11. Economic Importance of Claviceps Purpurea:
The fungus (Claviceps purpurea) is responsible for causing the ergot disease which to some extent lowers the yield of rye plant but the disease seldom is of much consequence.
However, the hard purple-black sclerotia (popularly called ergots) which replace the grain are highly poisonous. They contain a toxic substance which poisons and kills animals. It is fatal to man also. The sclerotia are collected or cultivated to extract an officially recognized drug known as ergotin.
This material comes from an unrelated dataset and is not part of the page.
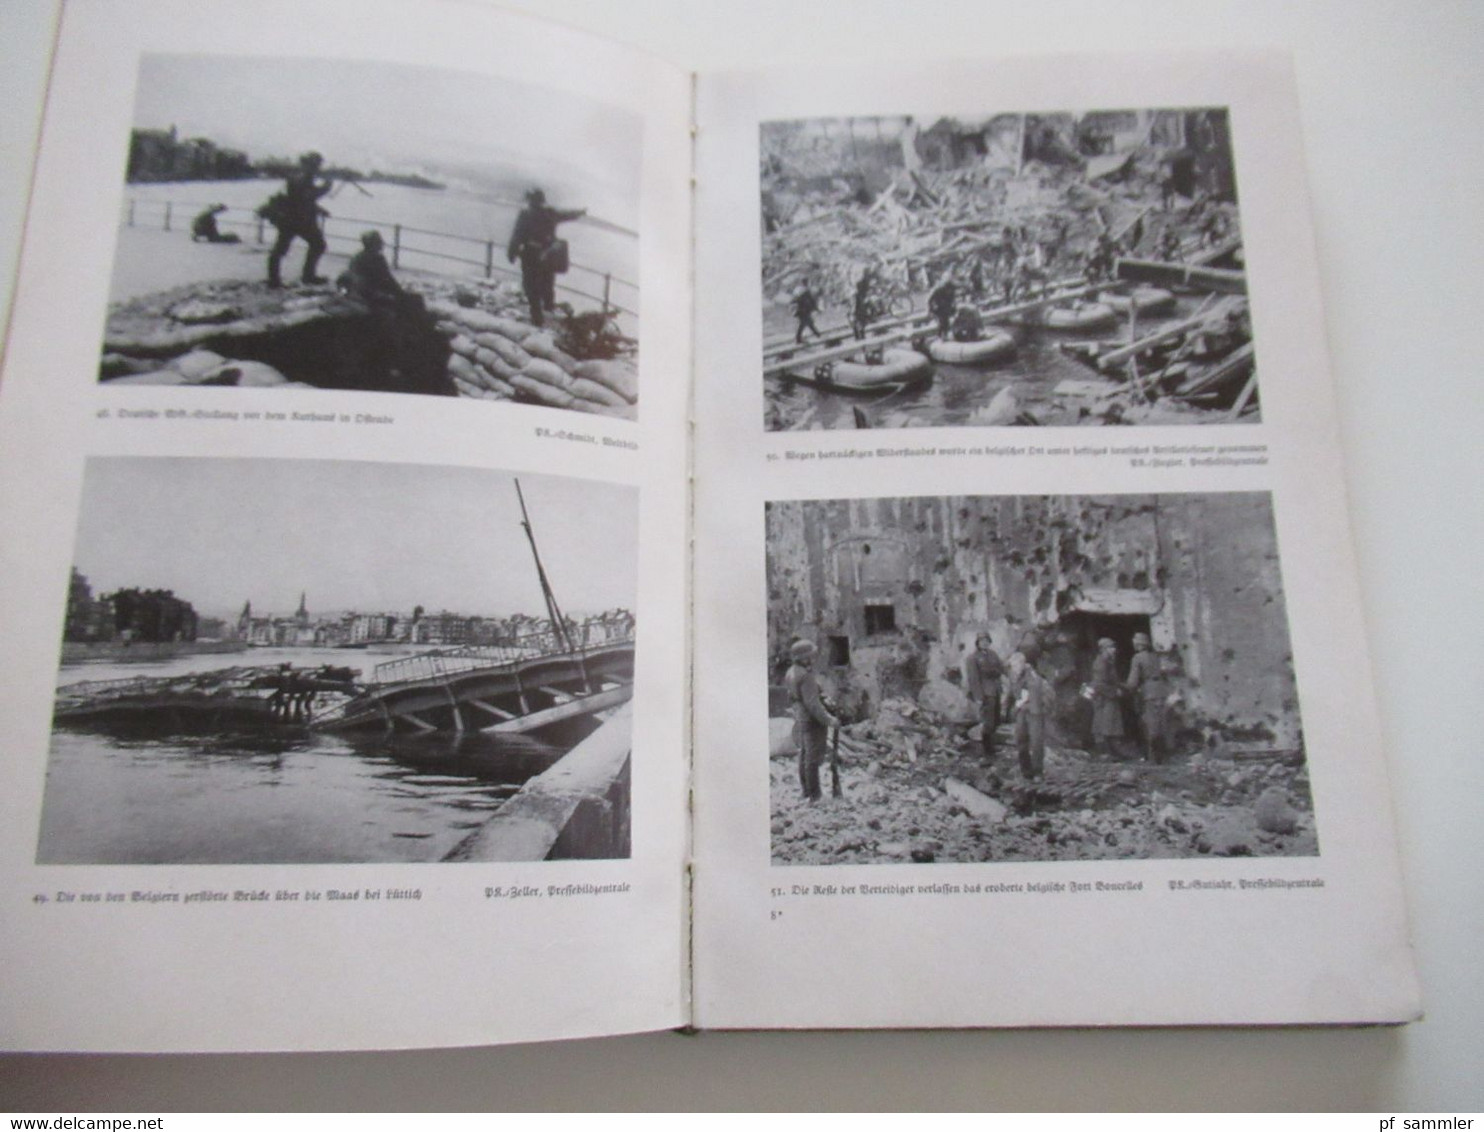 Unser Kampf in Holland, Belgien und Flandern vom 10. Mai bis 4. Juni 1940 mit einigen Bildern! 1941 / NS Propaganda

It contains several important alkaloids. The best known are ergonovine, ergometrin and ergotamine. These alkaloids are useful in pregnancy and labour to promote expulsion of the foetus and thus are employed in the manufacture of a medicine which causes artificial abortion.
Consequently, cattle which graze on grassland infected with Claviceps abort because of the ingestion of sclerotia. Thus the cattlemen suffer enormous losses.
The ergot alkaloids are also utilized in controlling uterine haemorrhage (bleeding) after child birth and to check other uterine troubles. The animals feeding on sclerotia lying on the ground or ergot contaminated flour, suffer from a serious physiological disease termed ergotism. The severe attack of ergotism may even result in gangrene of toes and feet.